LDP: Generalizing to Multilingual Visual Information Extraction by Language Decoupled Pretraining

Huawen Shen,Gengluo Li,Jinwen Zhong,Yu Zhou
2024-12-19
Abstract:Visual Information Extraction (VIE) plays a crucial role in the comprehension of semi-structured documents, and several pre-trained models have been developed to enhance performance. However, most of these works are monolingual (usually English). Due to the extremely unbalanced quantity and quality of pre-training corpora between English and other languages, few works can extend to non-English scenarios. In this paper, we conduct systematic experiments to show that vision and layout modality hold invariance among images with different languages. If decoupling language bias from document images, a vision-layout-based model can achieve impressive cross-lingual generalization. Accordingly, we present a simple but effective multilingual training paradigm LDP (Language Decoupled Pre-training) for better utilization of monolingual pre-training data. Our proposed model LDM (Language Decoupled Model) is first pre-trained on the language-independent data, where the language knowledge is decoupled by a diffusion model, and then the LDM is fine-tuned on the downstream languages. Extensive experiments show that the LDM outperformed all SOTA multilingual pre-trained models, and also maintains competitiveness on downstream monolingual/English benchmarks.
Computer Vision and Pattern Recognition,Computation and Language,Machine Learning
What problem does this paper attempt to address?

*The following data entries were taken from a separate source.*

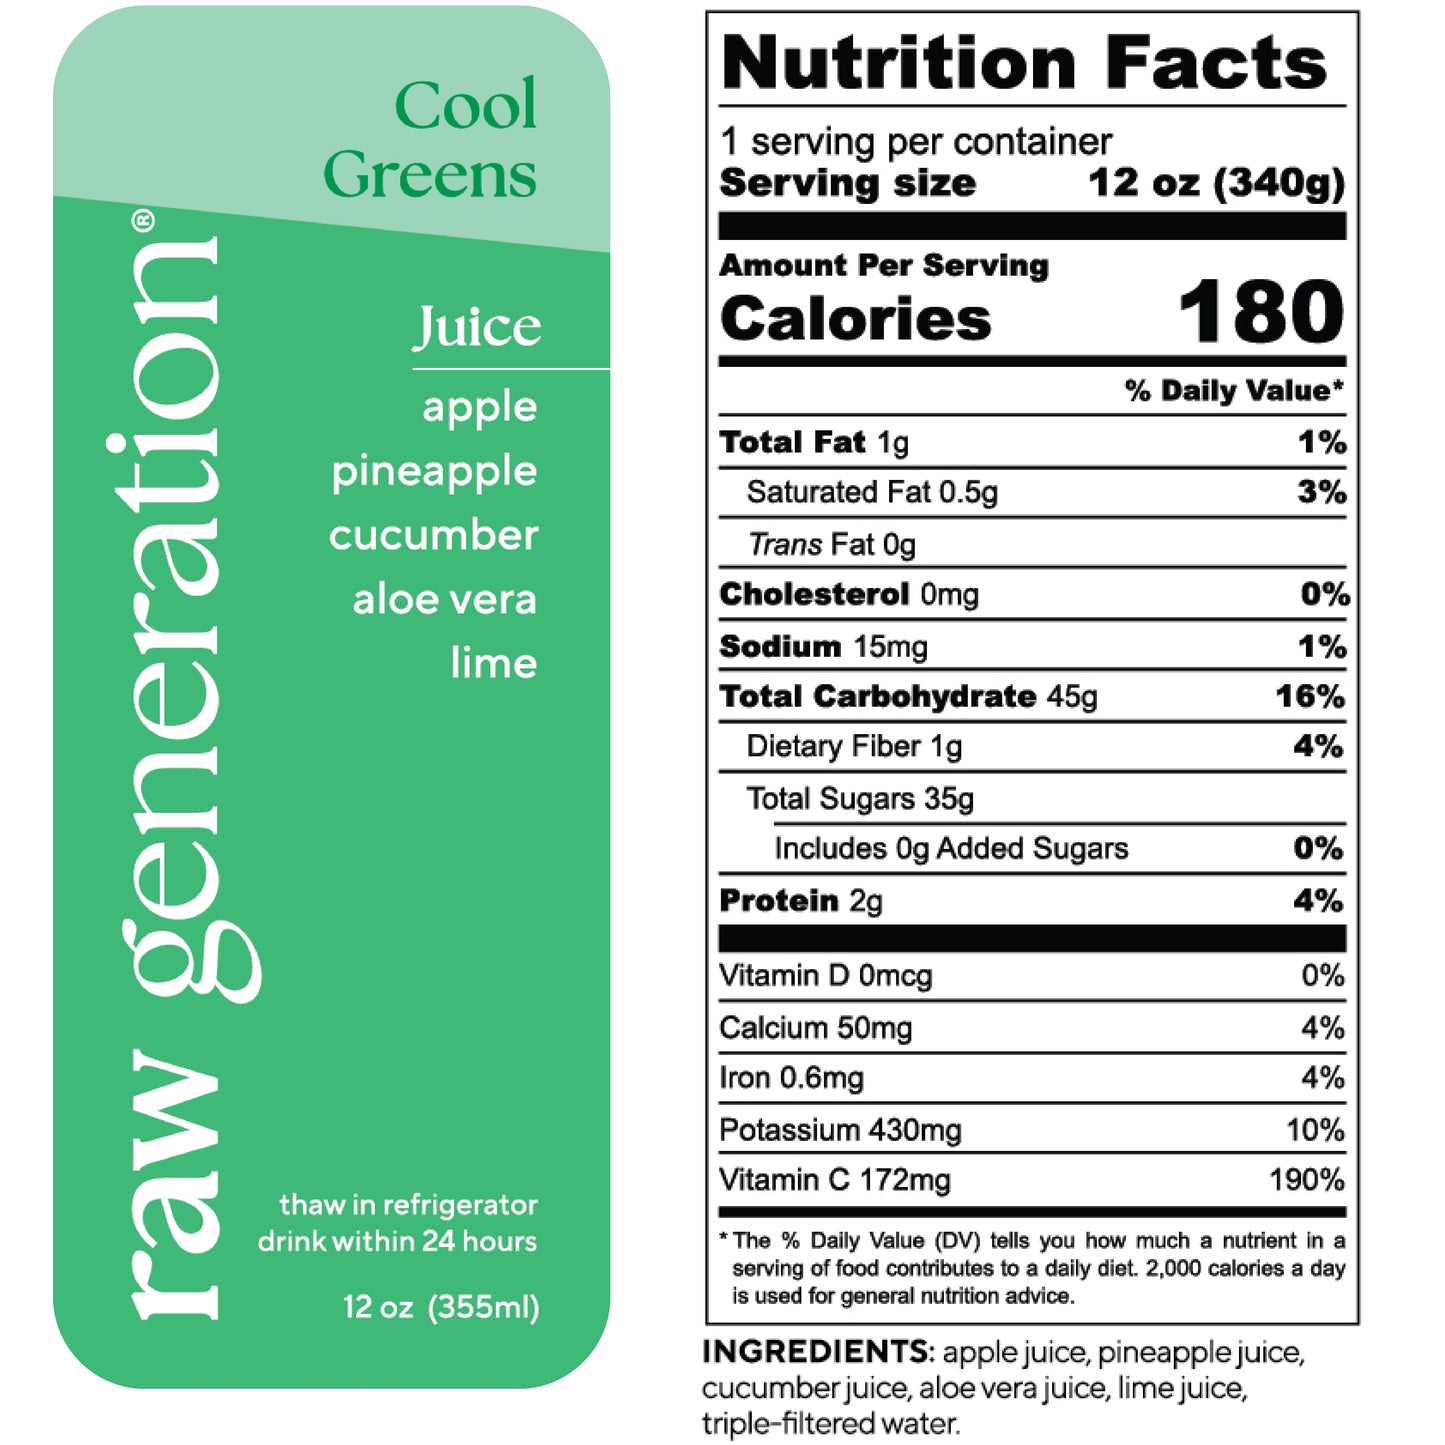 Nutrition Facts, 1 serving/container, 12 oz (340g), Calories 180, Total Fat 1g, Saturated Fat 0.5g, Trans Fat 0g, Cholesterol 0mg, Sodium 15mg, Total Carbohydrate 45g, Dietary Fiber 1g, Total Sugars 35g, Added Sugars 0g, Protein 2g, Vitamin D 0mcg, Calcium 50mg, Iron 0.6mg, Potassium 430mg, Vitamin C 172mg; Ingredients: apple juice, pineapple juice, cucumber juice, aloe vera juice, lime juice, triple-filtered water.
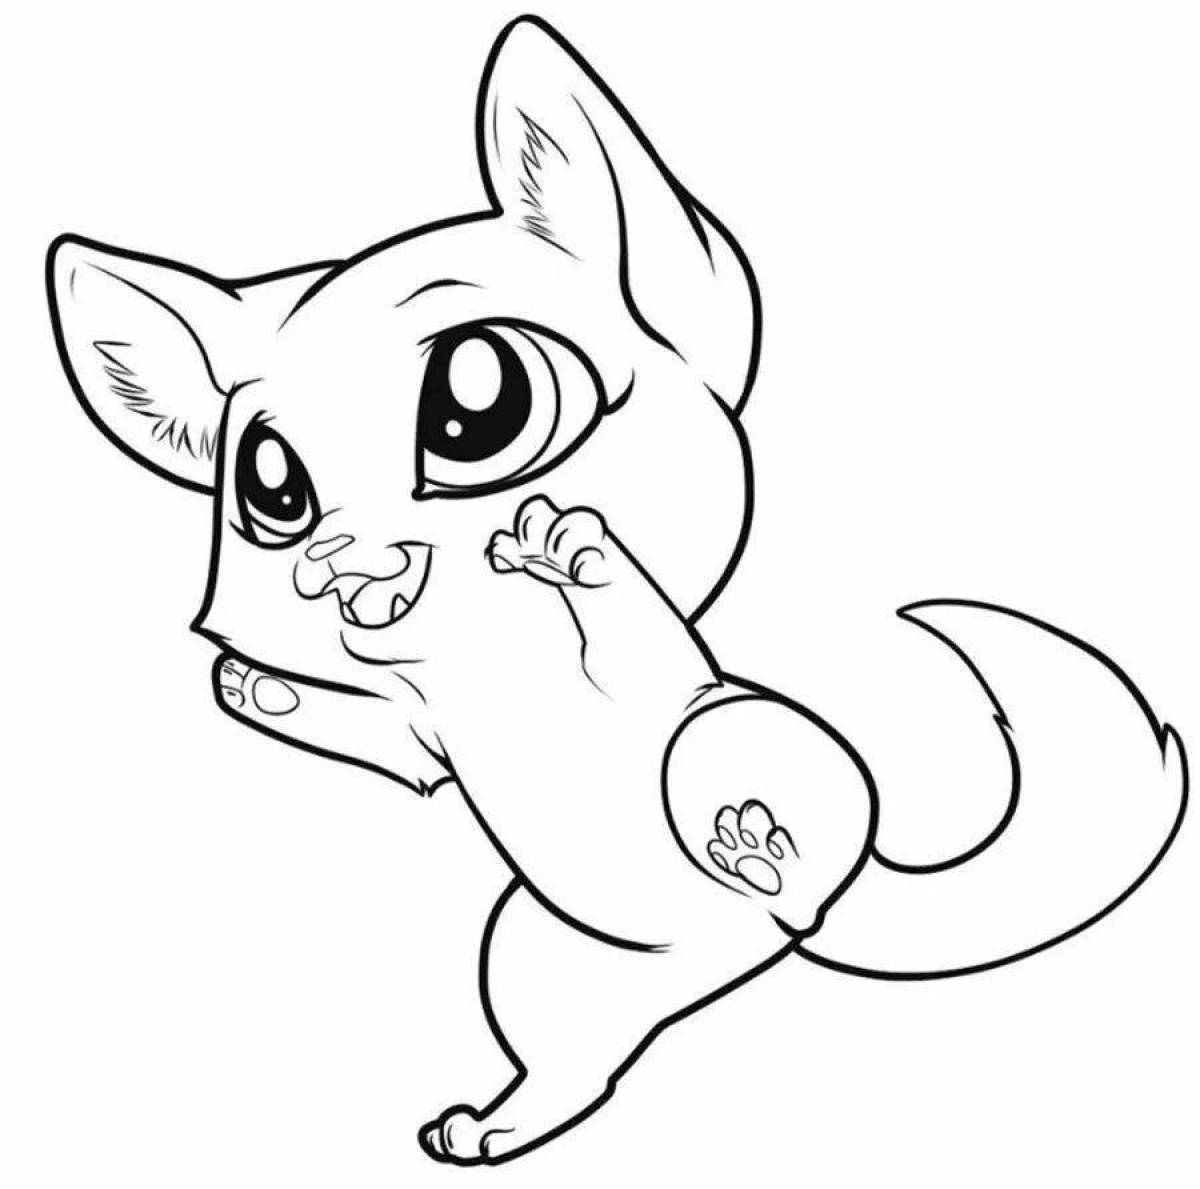 Coloring page of button cute kittens
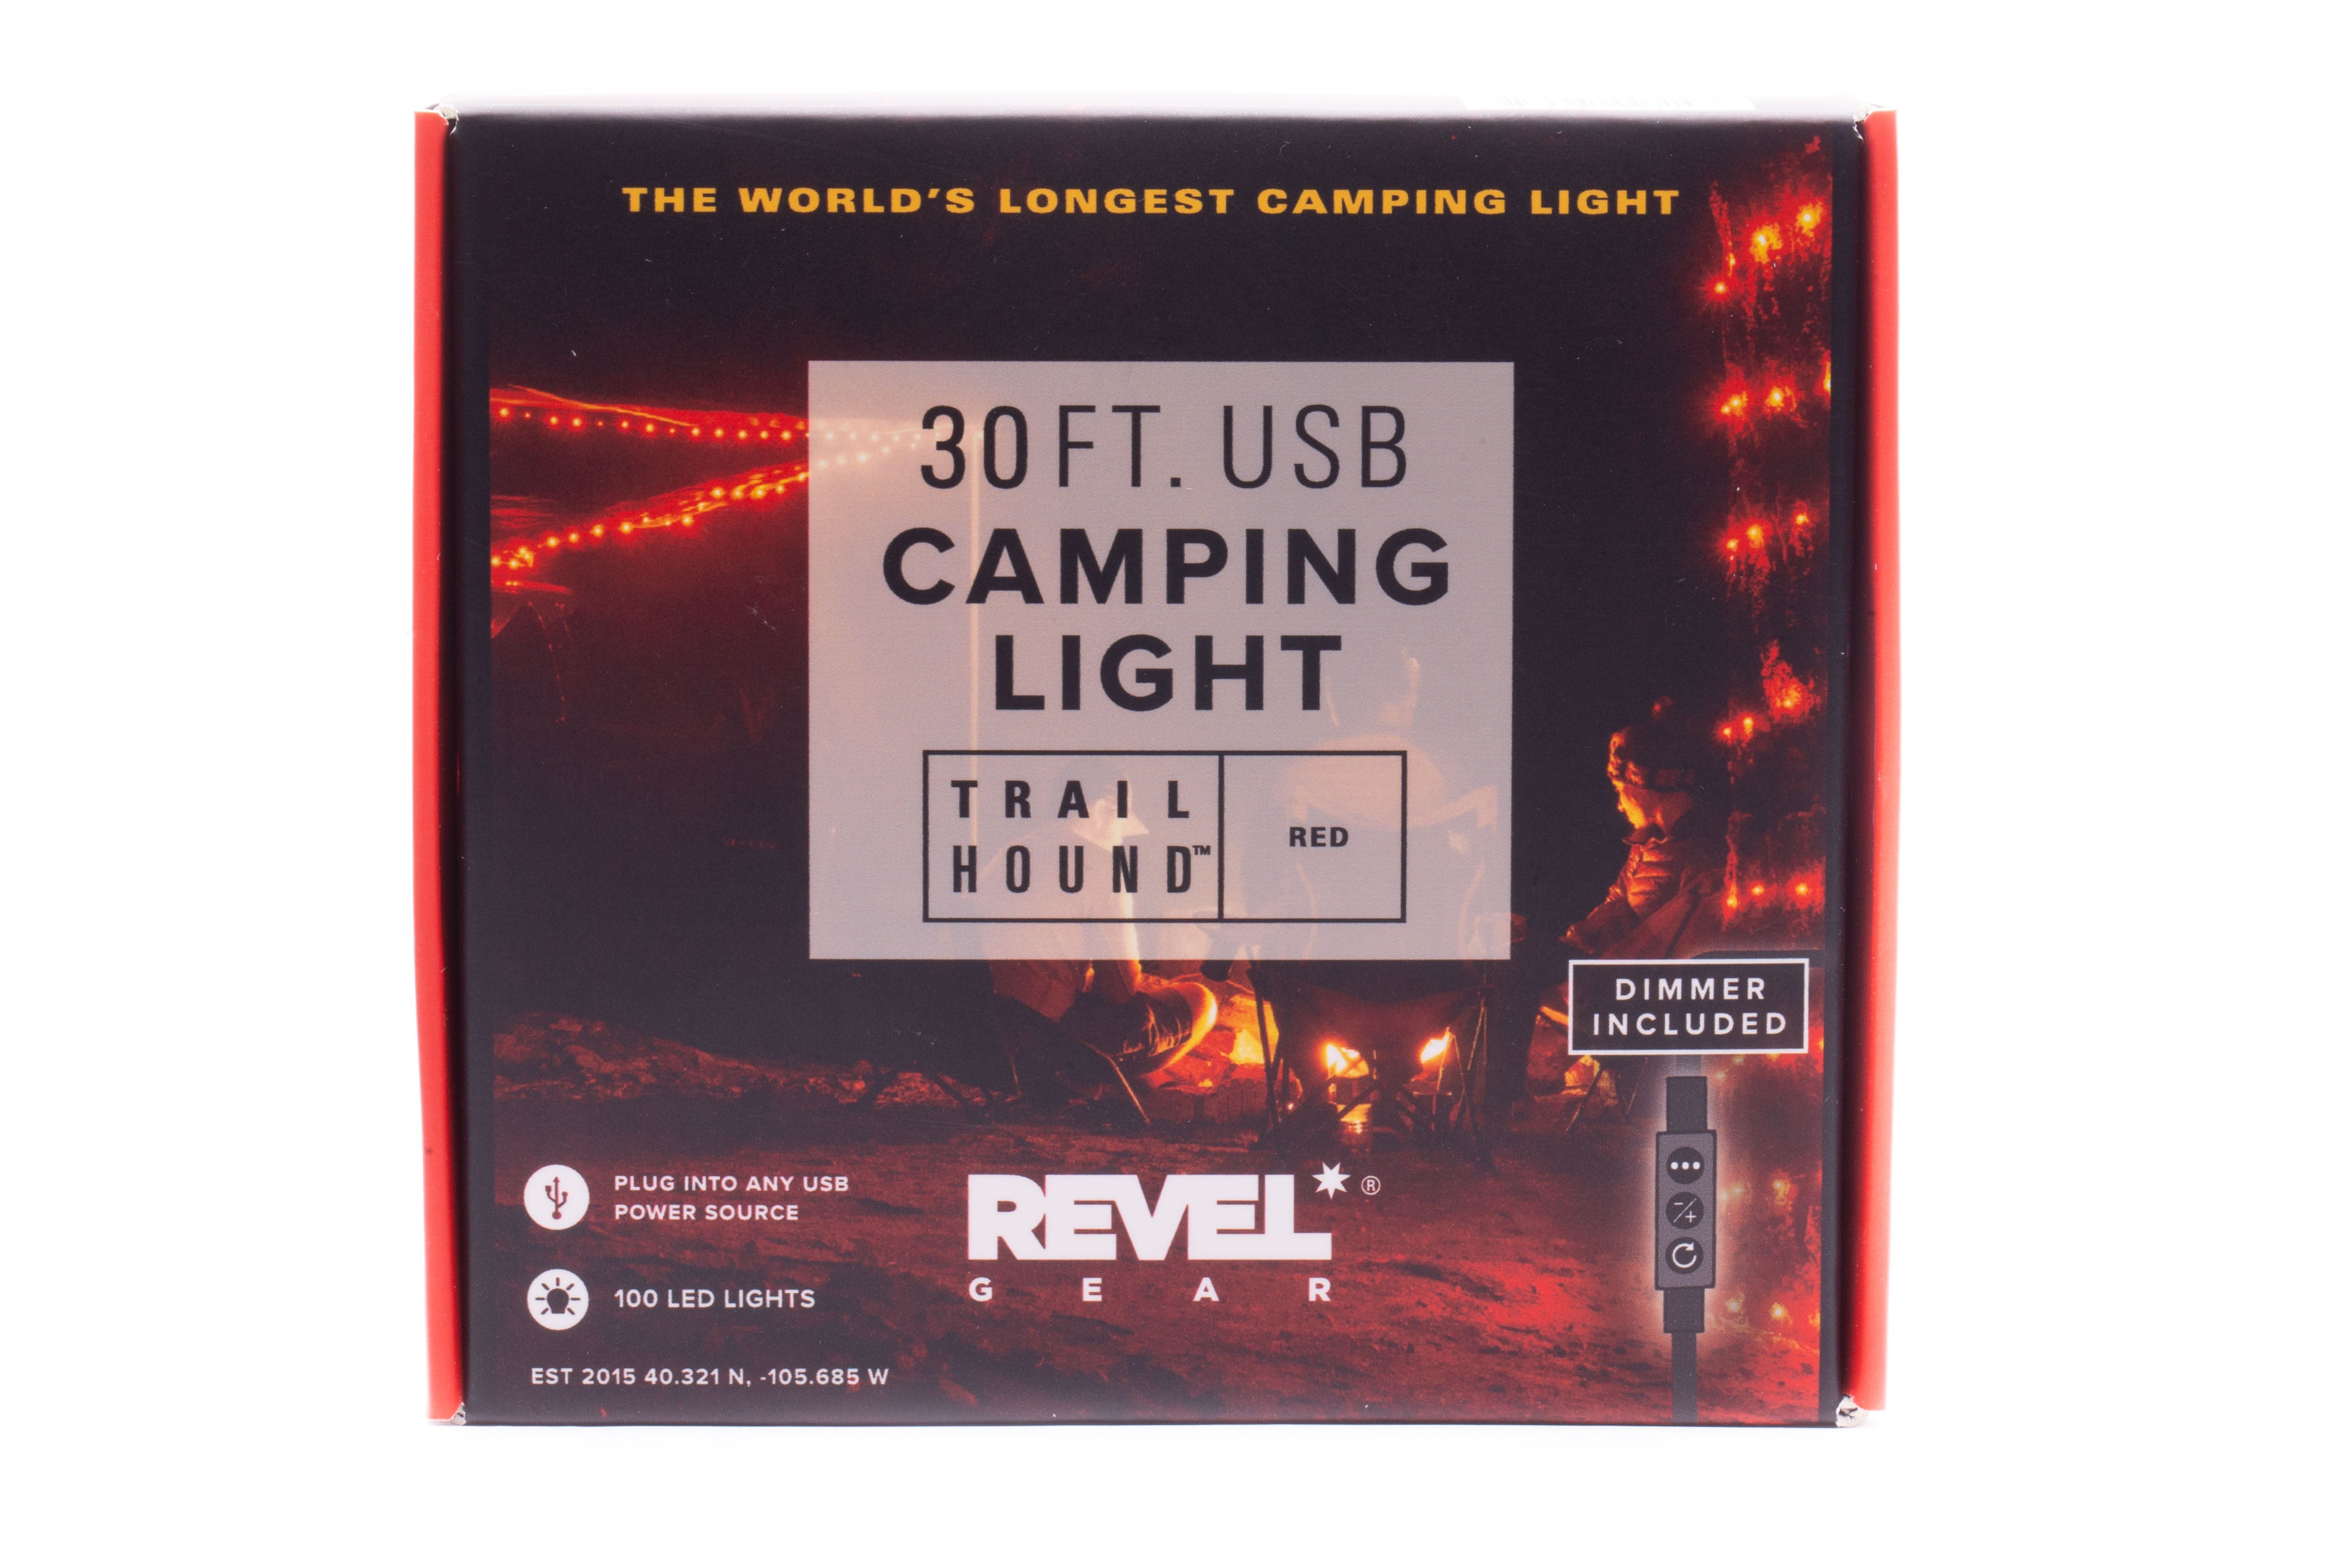 Revel Gear Trail Hound 30ft Camping Light Red with Dimmer

The main problem that this paper attempts to solve is the insufficient model generalization ability in non - English scenarios in multilingual Visual Information Extraction (VIE). Specifically: 1. **Problem Background**: - At present, most visual information extraction models are monolingual, especially English - centric. - The English corpus far exceeds other languages in quantity and quality, making it difficult for existing models to be extended to non - English scenarios. 2. **Research Motivation**: - Researchers have found through systematic experiments that the visual and layout modalities in images are invariant across different languages. - If the language bias can be decoupled from document images, the visual - and - layout - based models can achieve impressive cross - language generalization. 3. **Solution**: - A simple and effective multilingual training paradigm LDP (Language Decoupled Pre - training) is proposed to make better use of monolingual pre - training data. - LDM (Language Decoupled Model) is first pre - trained on language - independent data, where language knowledge is decoupled through a diffusion model, and then fine - tuned in downstream tasks. 4. **Key Innovation Points**: - By decoupling language bias, the model can generalize better in multilingual scenarios. - The MTIM (Multi - Token Information Merging) module is introduced to integrate information from multiple bounding boxes, enhancing the model's multimodal processing ability. - The LKI (Language Knowledge Inserting) module is introduced in the fine - tuning stage to re - integrate the decoupled language information into downstream tasks. 5. **Experimental Verification**: - A large number of experiments show that LDM outperforms all existing state - of - the - art models in multilingual benchmarks, while also remaining competitive in monolingual/English benchmarks. In summary, this paper aims to improve the generalization ability of visual information extraction models in multilingual scenarios by decoupling language bias, thereby solving the problem of poor performance of existing models in non - English scenarios.